Janet Yellen orders IRS to plan for distribution of new funding

Janet Yellen delivers remarks during a press conference at the Treasury Department on July 28. Photo: Win McNamee/Getty Images

Treasury Secretary Janet Yellen told the Internal Revenue Service on Wednesday to create an operational plan for distributing the coming influx of new funding to the agency allocated to it under Democrats' new tax, climate and health care bill, according to a memo obtained by Axios.

Why it matters: Yellen's directive comes just a day after the President Biden signed the landmark bill into law.

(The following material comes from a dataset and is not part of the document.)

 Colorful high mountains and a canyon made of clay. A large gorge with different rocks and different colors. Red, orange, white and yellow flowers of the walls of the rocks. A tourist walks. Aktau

  • The legislation adds about $80 billion to the IRS' budget over 10 years and will allow the agency to hire additional staff members and strengthen tax collection and enforcement on corporations and high-income earners, Axios' Jacob Knutson writes.

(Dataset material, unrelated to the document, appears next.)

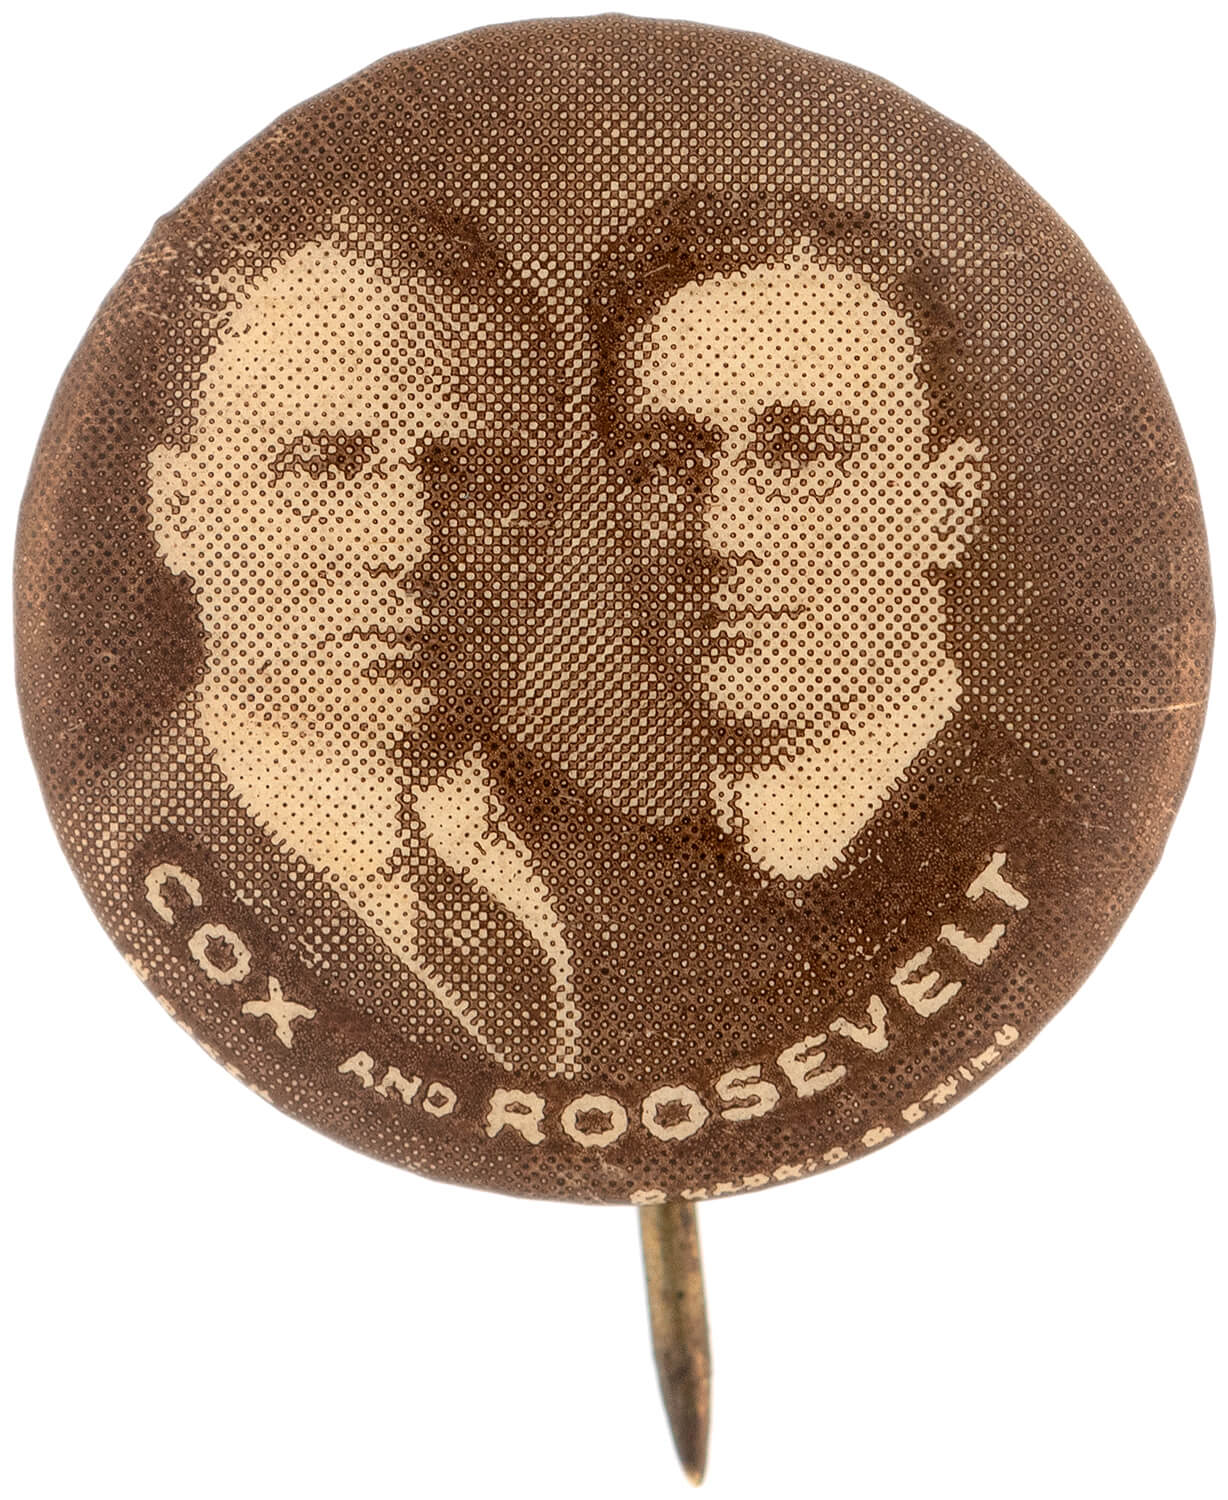 James M. Cox and Franklin Delano Roosevelt jugate button from the US presidential election of 1920. At 5/8in in diameter, it represents the smallest size in which this particular type of pinback was made. Few Cox-Roosevelt buttons exist in any size, and all are believed to have been manufacturer’s samples. Est. $10,000-$20,000. Image courtesy of Hake’s Auctions

The big picture: In the memo, addressed to IRS Commissioner Charles Rettig, Yellen said that the new funding allows for a "monumental opportunity" to revamp the agency.

  • "The work will require an all-hands-on-deck approach from the dedicated employees of the IRS," Yellen said.
  • The funding should go to clearing a backlog of unprocessed tax returns, improving taxpayer services, replacing outdated technology and hiring thousands of new staffers, Yellen outlined.
  • The operational plan should include details as to how funding will be spent over 10 years and metrics by which to judge progress.
  • The plan, which Yellen requested be delivered to her in six months, will be crucial to "ensuring the public and Congress are able to hold the agency accountable as it pursues needed improvements," she said.

What they're saying: "The Inflation Reduction Act provides the IRS what it has needed for years — a stable stream of mandatory funding that will allow the agency to serve American taxpayers the way they deserve and to enforce the tax laws against high net-worth individuals, large corporations, and complex partnerships who today pay far less than they owe," Yellen wrote.

  • The new investments will "allow the IRS to work to end the two-tiered tax system, where most Americans pay what they owe, but those at the top of the distribution often do not," she added.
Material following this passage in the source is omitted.